However, neither depletion of NK cells or neutrophils, along with DC, mitigated the exacerbated hepatotoxicity associated with DC depletion (Fig. 6), suggesting that the protective effects of DC is not simply secondary to expansion of other leukocyte populations. Similarly, because DC depletion results in elevated serum levels of TNF-α, IL-6, and MCP-1 after APAP administration, we tested whether blockade of these cytokines in vivo would prevent the exacerbated liver injury. However, none of these cytokine blockades protected APAP-DC animals (Supporting Fig. 10). Similarly, IFN-α blockade33 failed to protect APAP-DC animals (Supporting Fig.

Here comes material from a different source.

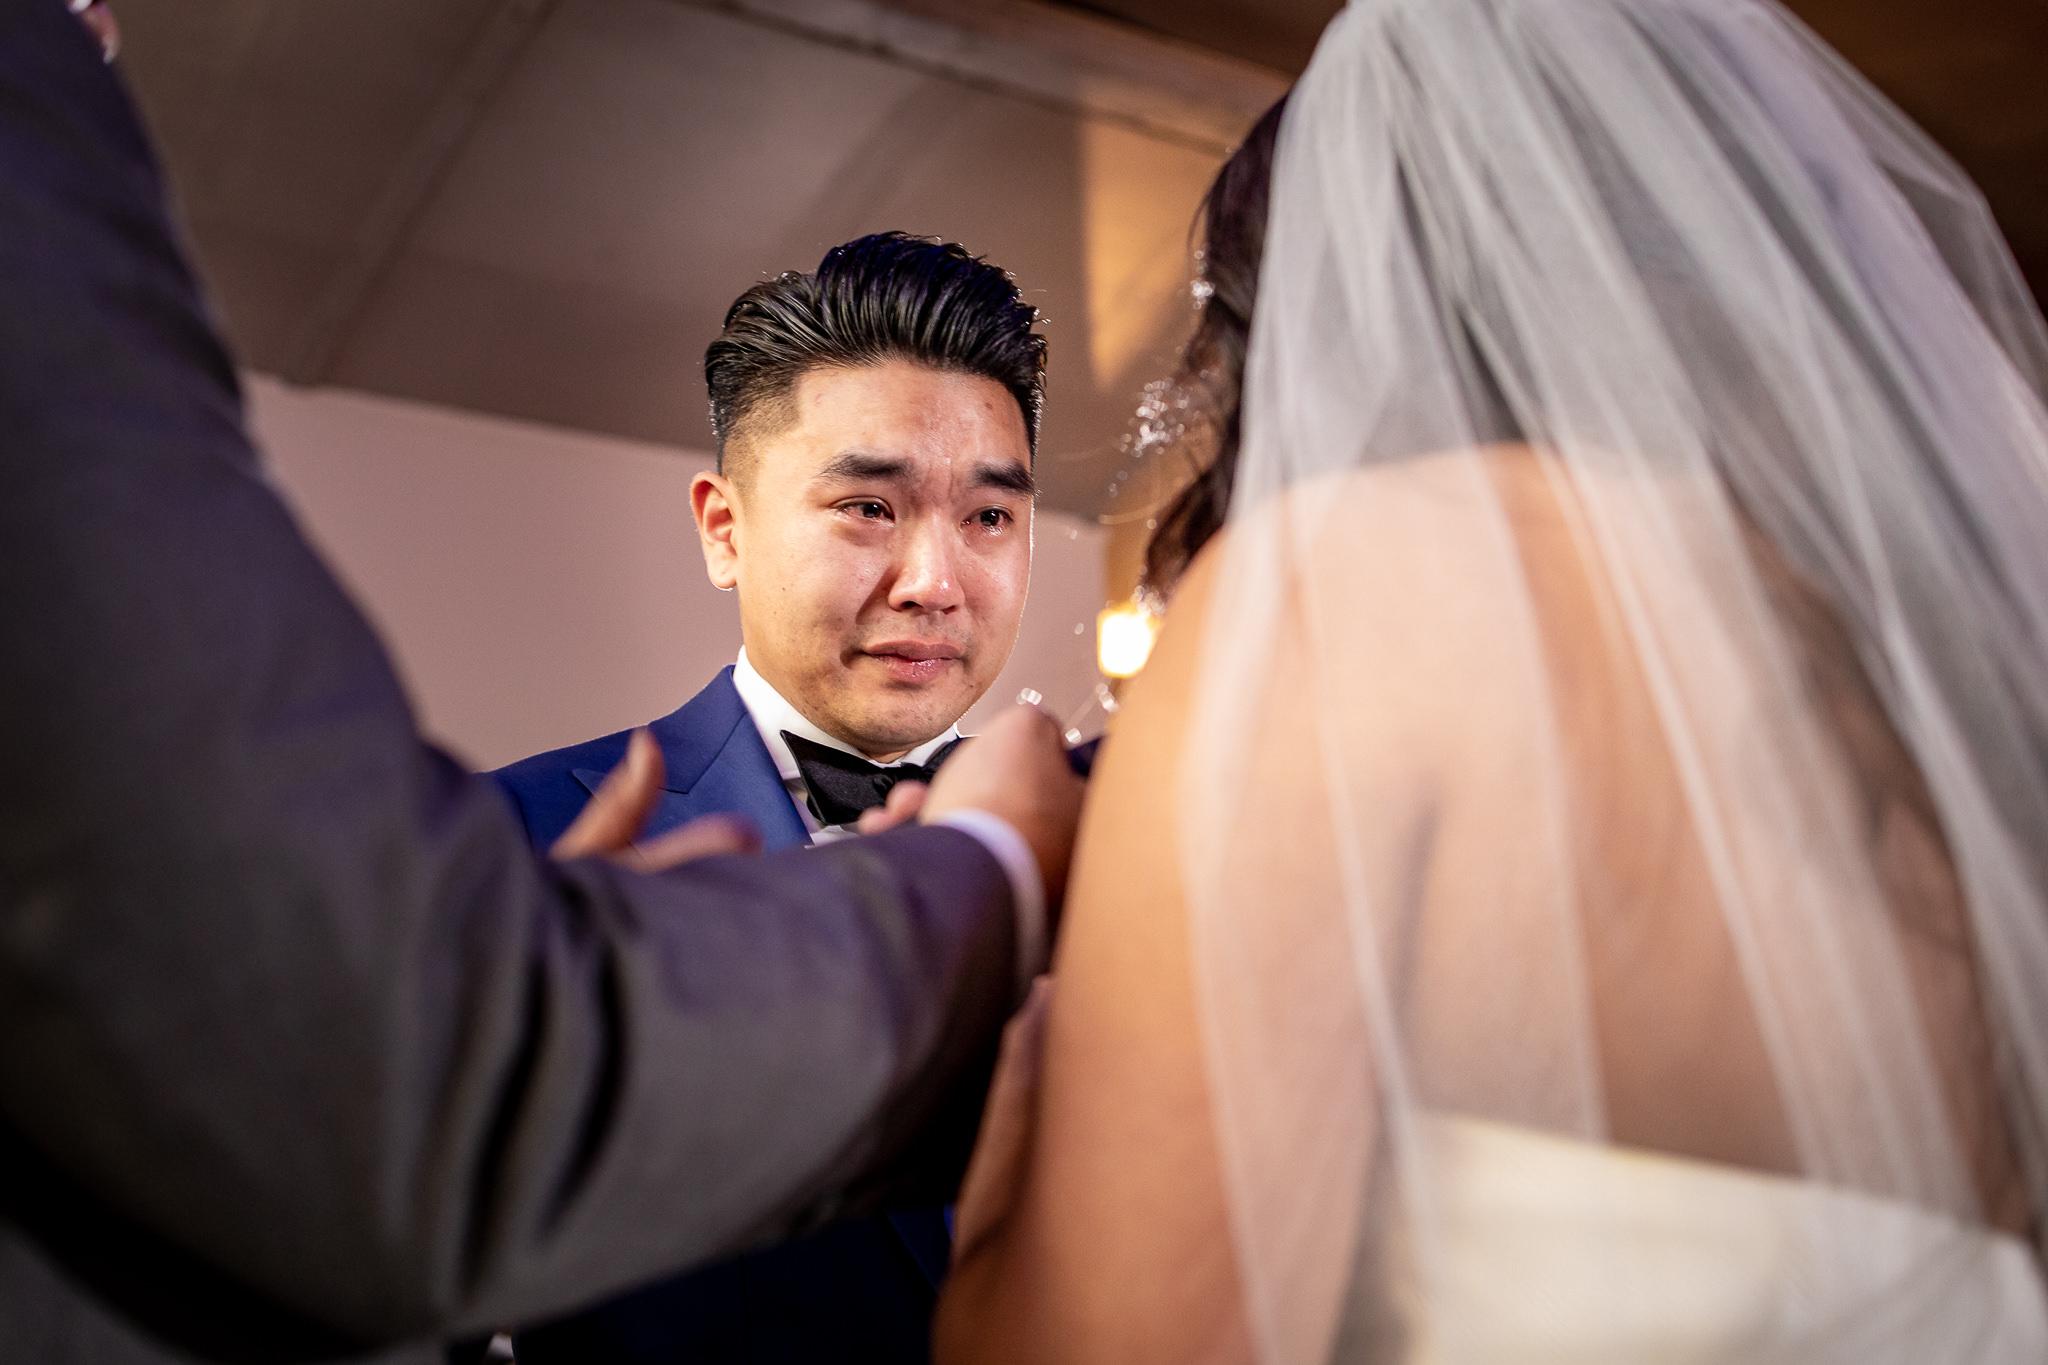 berkeley-wedding-photos-51.jpg

10) There is evidence to suggest that APAP-induced liver toxicity is the result of a “two-hit” PF 2341066 mechanism, the first hit being depletion of glutathione, which in turn allows the toxic metabolite NAPQ1 to exert harmful effects Opaganib by forming covalent

bonds with cellular proteins. The second hit is the downstream activation of cells of the innate immune system. Because DC have a central function in liver immunity and inflammation, we postulated a critical role for DC in APAP-mediated toxicity. Previously, we showed that DC expand 5-fold and undergo a transformation in function from a tolerogenic to an immunogenic role in chronic liver fibrosis.25 We reported that DC contribute to the proinflammatory cascade in liver fibrosis by way of production of TNF-α and subsequent T-cell activation as well as induction of innate immune responses.25 Similar to liver fibrosis, in APAP toxicity DCs are highly proinflammatory, producing elevated levels of IL-6, TNF-α, and MCP-1 (Fig. 3D,E). However, in contrast to chronic liver disease, in acute liver injury as a result of APAP overdose, DC populations remained stable in number. Furthermore, whereas chronic liver injury resulted in the transformation

of DC from weak purveyors of tolerance MCE公司 to potent immunogenicity, in the current context DC did not gain enhanced capacity to stimulate CD4+ or CD8+ T cells (Fig. 3F) or NK cells (Supporting Fig. 9B,C). The trigger in the hepatic microenvironment that thrusts DC in certain inflammatory contexts towards immunogenicity is uncertain but may be the key to understanding hepatic tolerance. Furthermore, whereas DCs appear to contribute to the pathologic environment in chronic liver disease, in the current context DCs are protective. This is evidenced by reduced liver enzymes and histologic measurement of necrosis in APAP-treated mice cotreated with Flt3L, which expands DC populations 10-fold. Furthermore, mice depleted of DC had significantly more extensive centro-lobular necrosis (Fig. 1A,B) and increased mortality (Fig. 2) when compared to mock-depleted mice. In addition, APAP-DC mice produced markedly higher serum liver enzyme levels (Fig. 1C) and inflammatory mediators MCP-1, IL-6, and TNF-α (Fig. 1E,F) compared with APAP challenge in the absence of DC depletion.